Extraction

Pulse programs can be extracted to OCaml, C, and Rust. We illustrate the extraction capabilities with the help of the Boyer-Moore majority vote algorithm implemented in Pulse.

Boyer-Moore majority vote algorithm

The algorithm finds majority vote in an array of votes in linear time (2n comparisons, where n is the length of the array) and constant extra memory.

We implement the algorithm in Pulse with the following specification:

let count (#a:eqtype) (x:a) (s:Seq.seq a) : GTot nat = Seq.count x s

noextract
let has_majority_in (#a:eqtype) (x:a) (s:Seq.seq a) = Seq.length s < 2 * count x s

noextract
let no_majority (#a:eqtype) (s:Seq.seq a) = forall (x:a). ~(x `has_majority_in` s)


fn majority
  (#[@@@ Rust_generics_bounds ["Copy"; "PartialEq"]] a:eqtype)
  #p (#s:G.erased _) (votes:array a) (len:SZ.t { SZ.v len == Seq.length s })
  requires pts_to votes #p s ** pure (0 < SZ.v len /\ SZ.fits (2 * SZ.v len))
  returns x:option a
  ensures pts_to votes #p s **
          pure ((x == None ==> no_majority s) /\ (Some? x ==> (Some?.v x) `has_majority_in` s))
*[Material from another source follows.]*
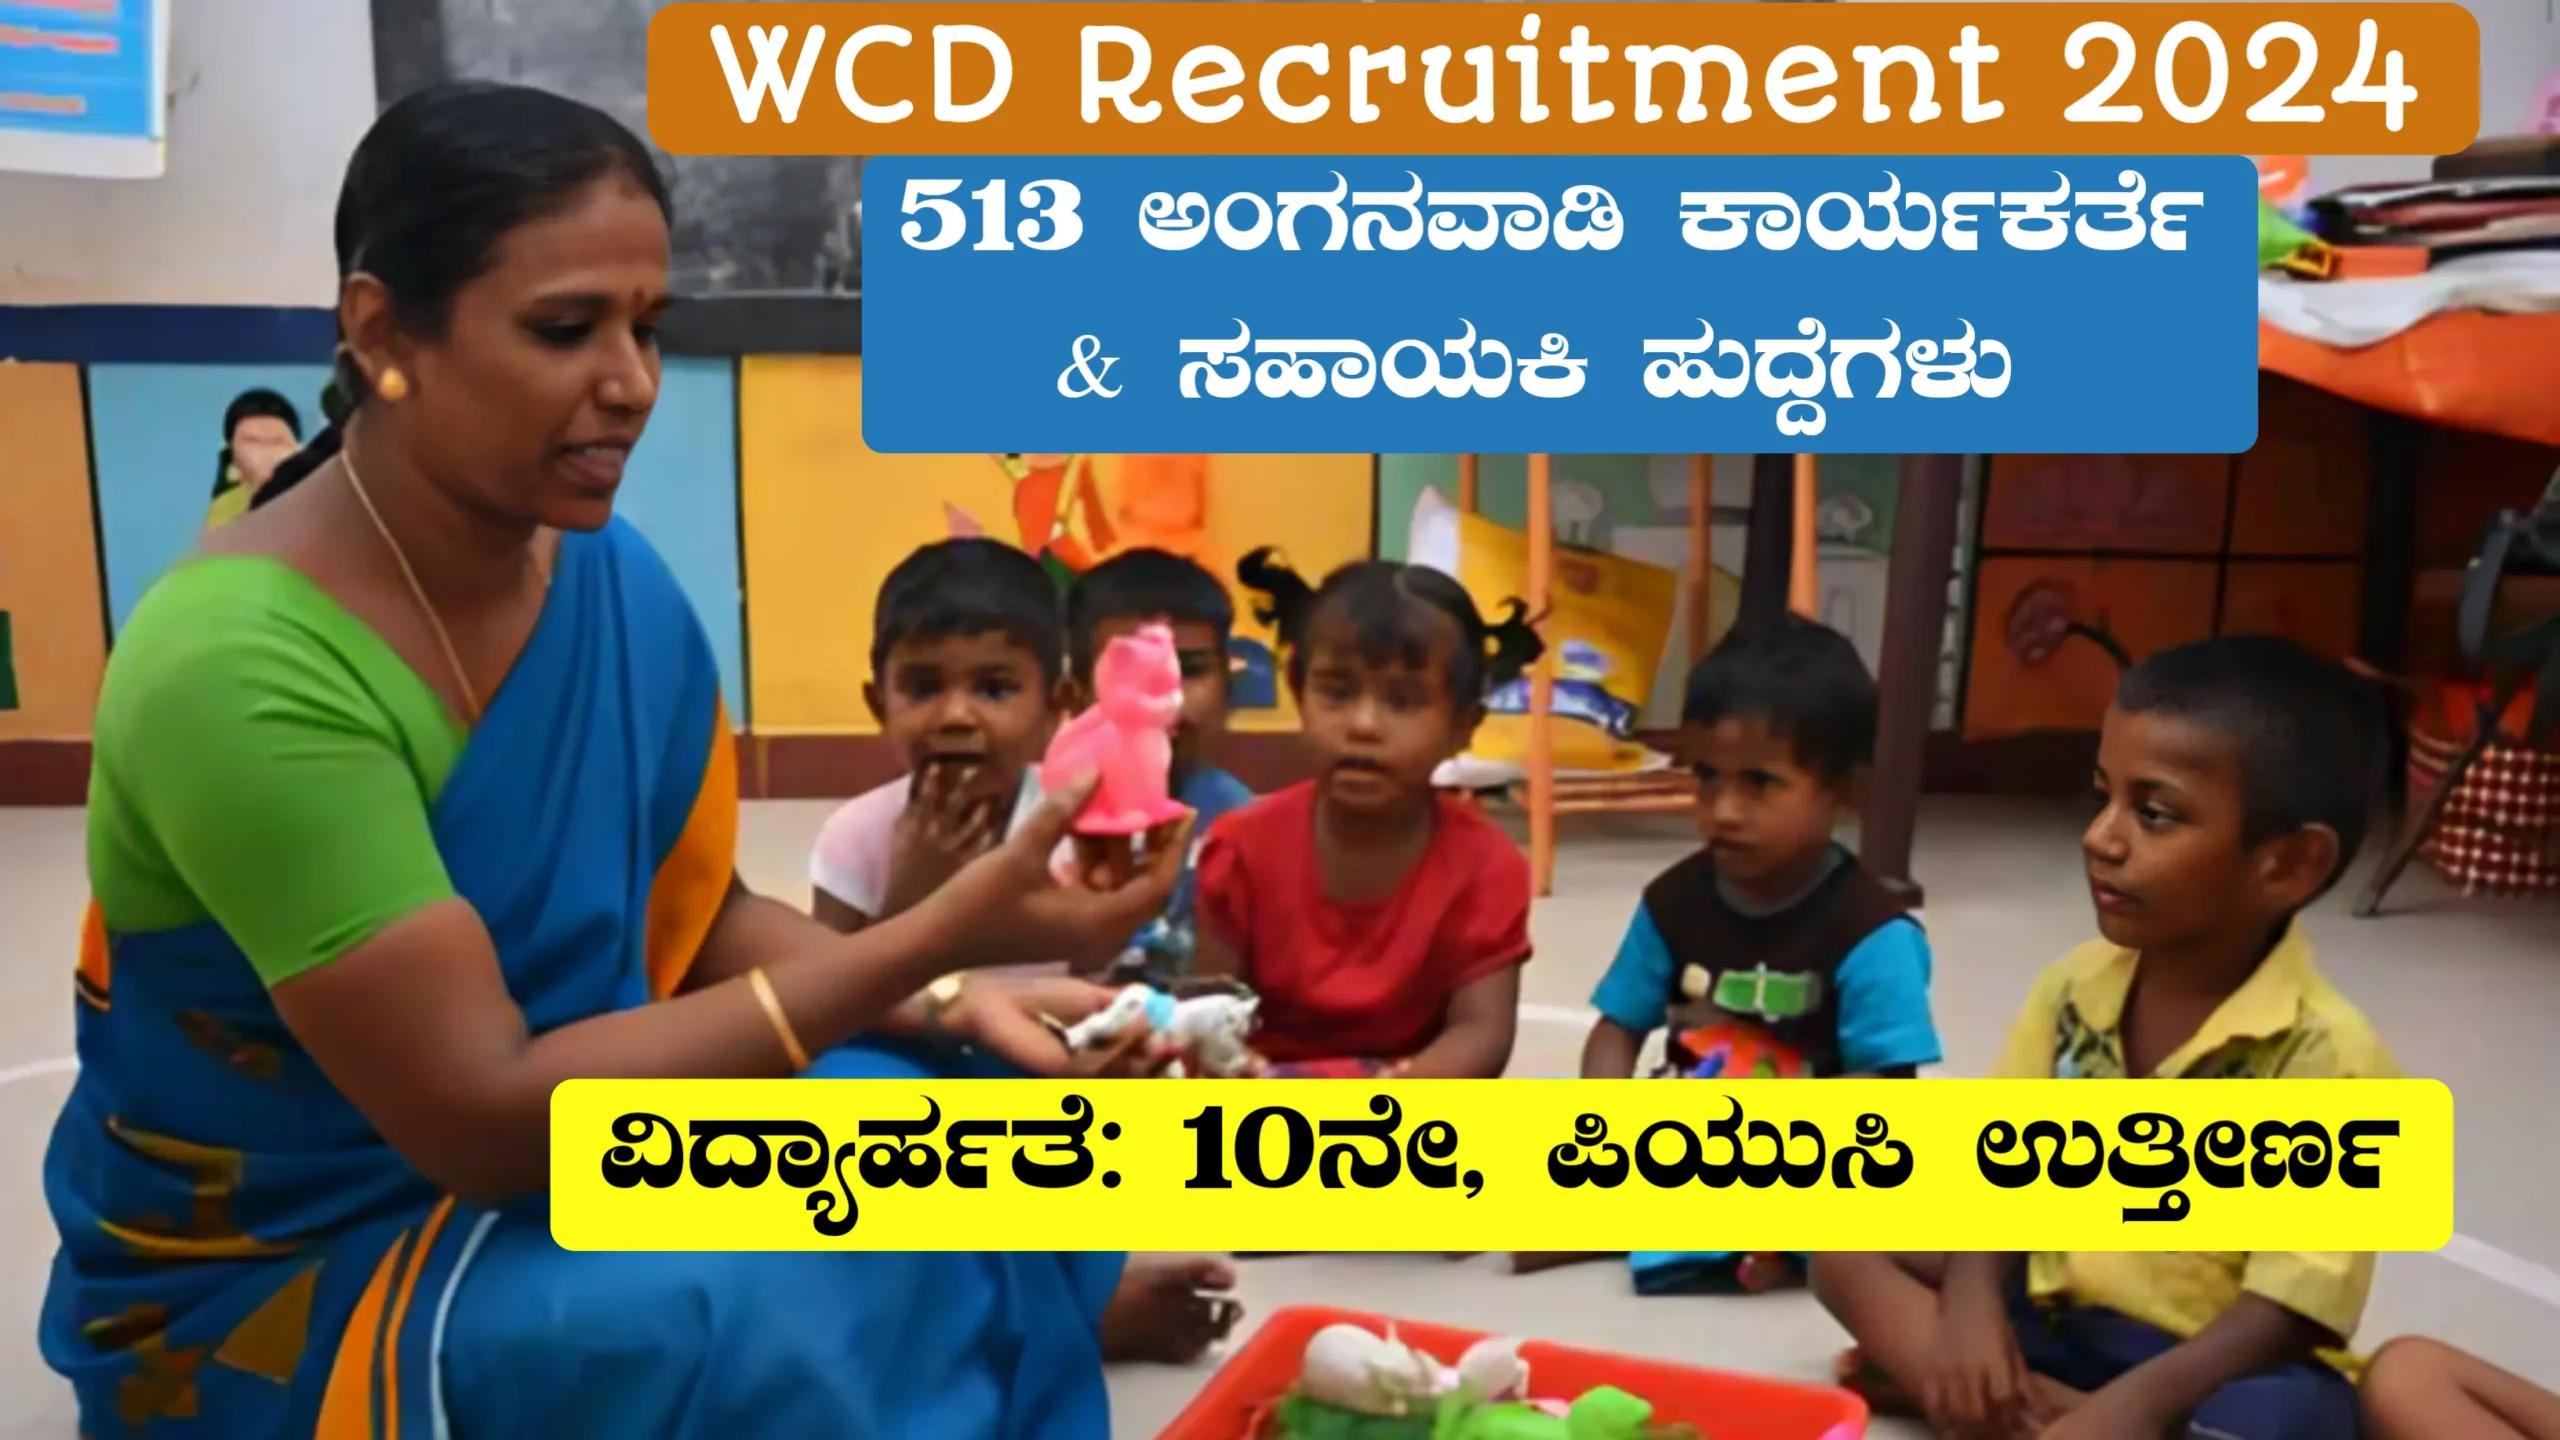 ಅಂಗನವಾಡಿ ಕಾರ್ಯಕರ್ತೆ ಮತ್ತು ಸಹಾಯಕಿ ನೇಮಕಾತಿ || WCD Recruitment 2024

The precondition SZ.fits (2 * SZ.v len) ensures safe arithmetic when counting for majority.

The algorithm consists of two phases. The first phase, called the pairing phase, pairs off disagreeing votes (cancels them) until the remaining votes are all same. The main idea of the algorithm is to do this pairing with n comparisons. After the pairing phase, the remaining vote must be the majority, if the majority exists. The second phase, called the counting phase, checks if the remaining vote is indeed in majority with n more comparisons.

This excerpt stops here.